Developing standardized API & framework for environmental impact analyses to modularize & streamline public review processes
​​Paul is an urban technology leader and entrepreneur with a record of success developing disruptive solutions, driving business development, and contributing to both strategy and execution as founder and manager at award-winning startups. Most recently I co-founded & served as COO of the transportation technology startup ClearRoad where I led fundraising, business development, product strategy, and thought leadership. I am contributing as EIR to the Open Zoning project at the Urban Stack Lab at Harvard GSD. My background includes coming in as employee #1 at proptech startup Envelope, innovative urban planning work at WXY Studio, transportation & placemaking with the Project for Public Spaces, and tech consulting with Hewlett-Packard. 

I bring a rare combination of urban planning expertise and facility with emerging technologies, which I have leveraged in past roles as an intermediary & translator between public sector challenges and best-practice IT & software solutions. At this intersection, I specialize in geospatial regulations, including road pricing and zoning; future mobility, especially EV infrastructure; and government digital transformation. I am an experienced evangelizer of urban technology concepts & innovations to media, industry, and investors, and am driven by opportunities to enhance the city and public services in response to the climate crisis.

In addition to my work experience, I am a Certified Planner, former instructor in Clean Tech, and former NYU Rudin Emerging Leadership and Urban Design Forum Fellow. I hold a Master’s in Urban Planning from NYU Wagner and Bachelor’s in Computer Engineering from Columbia SEAS.  
Project Description

With communities across the U.S. struggling to respond to numerous, interrelated crises of affordability, economic dynamism, inequality, and climate change, environmental review processes have devolved into impediments to action rather than the integrators of environmental concerns and facilitators of community input that they were originally intended as. Recent planning and development efforts are rife with cautionary tales of canceled projects, multi-year litigation, and ballooning costs associated with review processes run amok.

Governments have embraced a small selection of more automated and responsive technologies for streamlining service delivery and public realm management, most successfully speed cameras and digitized permitting processes. With these efforts, municipalities have realized lower costs, sped up & more responsive processes, and demands for expansion from communities.
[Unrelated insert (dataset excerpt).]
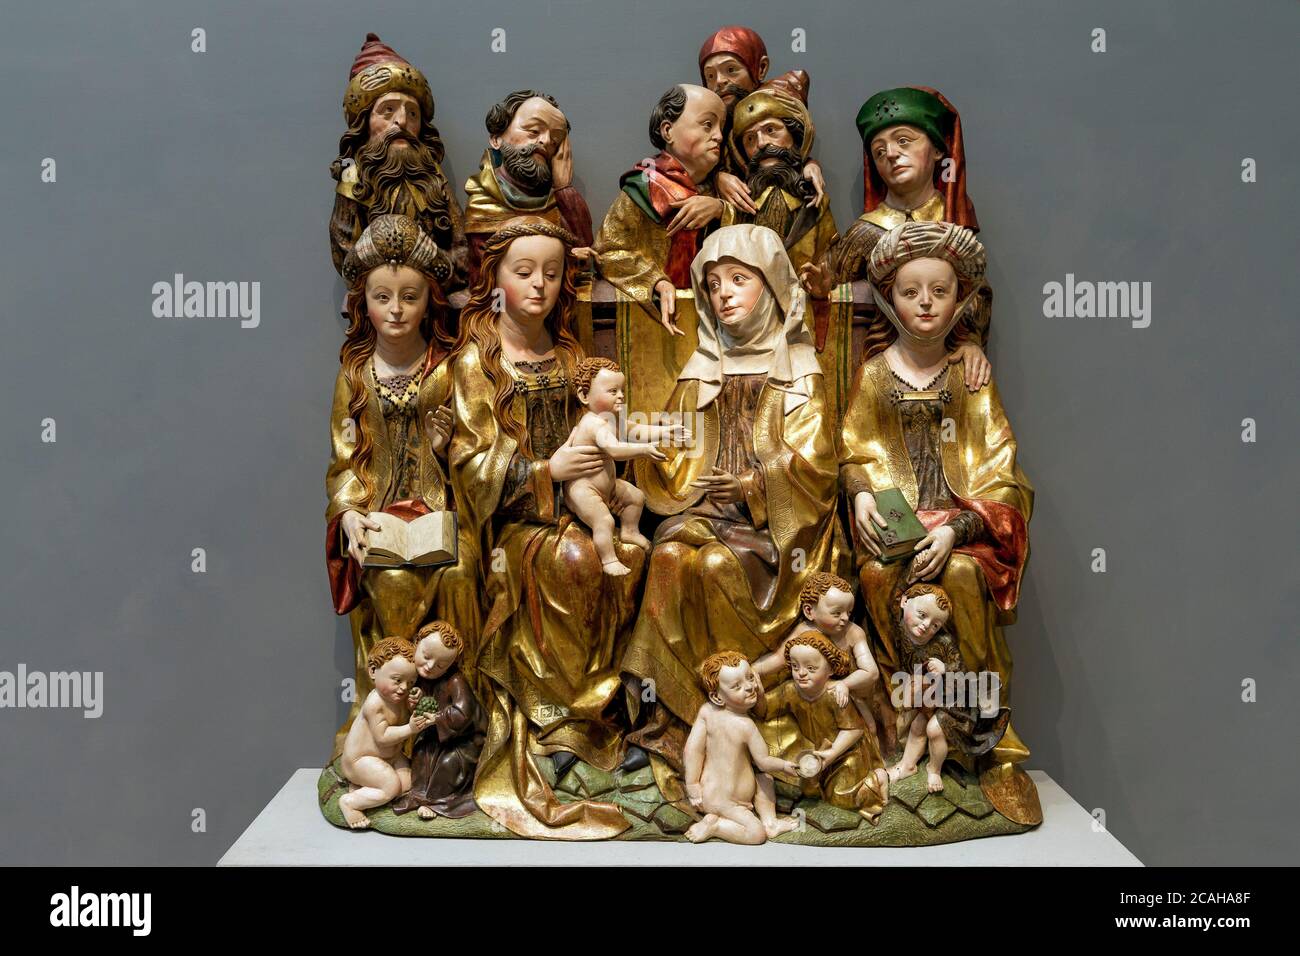 La Sainte parenté, l'allemand, 15e siècle, sculpture en bois,National Gallery of Art, Washington DC, USA, Amérique du Nord Banque D'Images
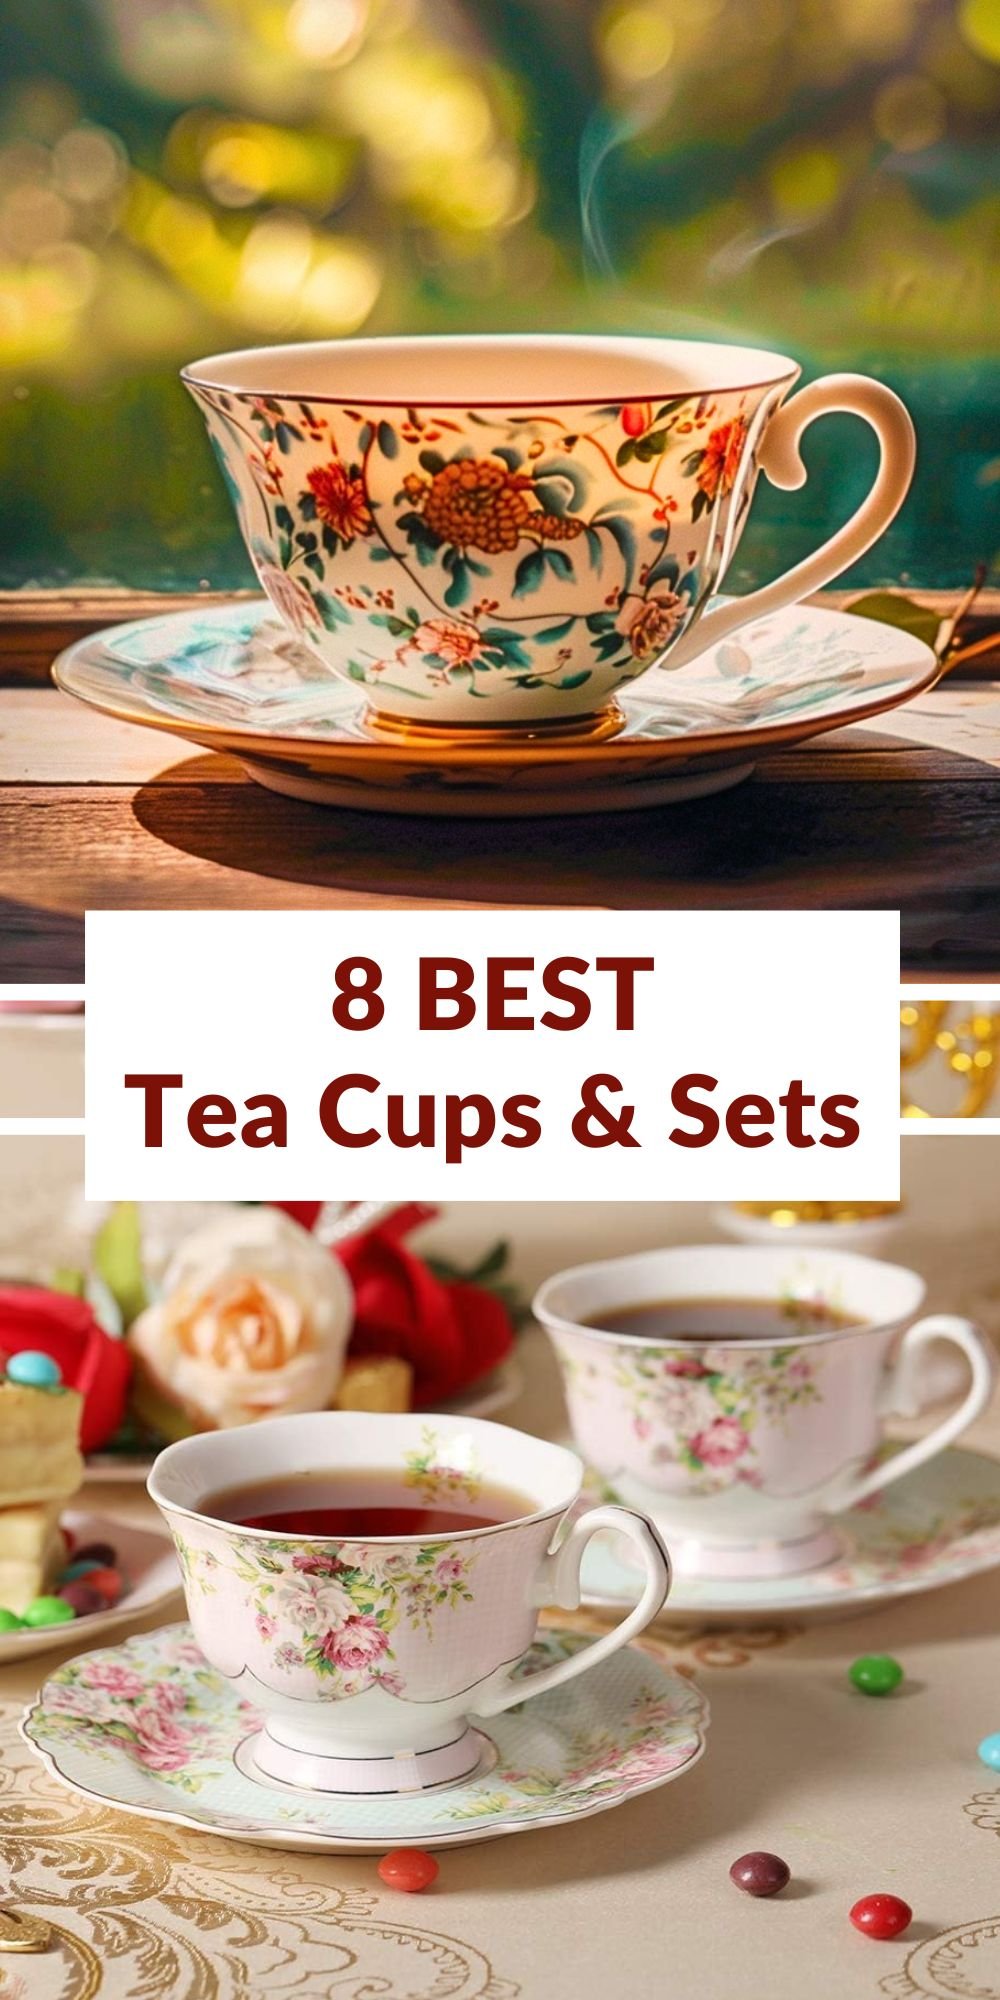 8 best Tea Cups & Sets

Public sector environmental impact assessments and reviews have so far failed to take advantage of 21st-century technologies despite attempts by numerous public interest-minded startups. Each of these companies eventually pivoted away from direct interface with governments or closed before they were able to. Their categoric failure to integrate into the formal processes of analysis or decision-making exposes a critical gap preventing the use of tech-based solutions: a lack of data and interoperability standards. Public Sector Data Standards to Enable Technology Adoption This project will develop standards for environmental and impact calculation data and exchange that accommodate the differing requirements across jurisdictions, including multiple types & categories of analyses and levels of complexities. This effort draws on the public sector-facing data standards GTFS for transit and MDS for micromobility, which enabled widespread adoption by technology companies and public agencies alike and created new market segments and products, even facilitating policy experimentation.

The developed standards will reduce processes into standard inputs and outputs within a modular framework for environmental & impact review, transforming analyses as dissimilar as shadow impacts and sewage system capacity constraints into modules that can be mixed and matched based on local needs and regulations. This vision takes inspiration from the simple, semi-public APIs Walk Score and GreatSchools, which have become essential modules for online real estate listings, alongside public & proprietary info on building & site characteristics, local taxes & fees, or transit access.

This project represents a continuation of Cornell Tech's urban tech leadership in the public sphere, with initiatives such as Rebooting NYC. It will draw on the Hub’s connections to and ability to convene governments, tech organizations, startups, and the larger Technion and Cornell communities.

Key outcomes from this project will be 1) the distillation of core input & output parameters and data necessary for common analyses across City, State, and Federal public review processes, 2) an open source Github repository of the API architecture for standardized environmental impact, 3) two or more demonstrations of end-to-end automated review processes using the API, one of which where the analysis is internally developed and another is externally developed by an urbantech startup, and 4) case studies describing the use and governance models for the developed standard.

The effort above will construct building blocks of impact calculations & assessments that can be integrated into streamlined and automated public review. This approach modularizes common public sector data and analyses, enabling the agile adoption of standards, technologies, and private sector services, connecting the dots between data collection, assessment, and action for a more responsive city.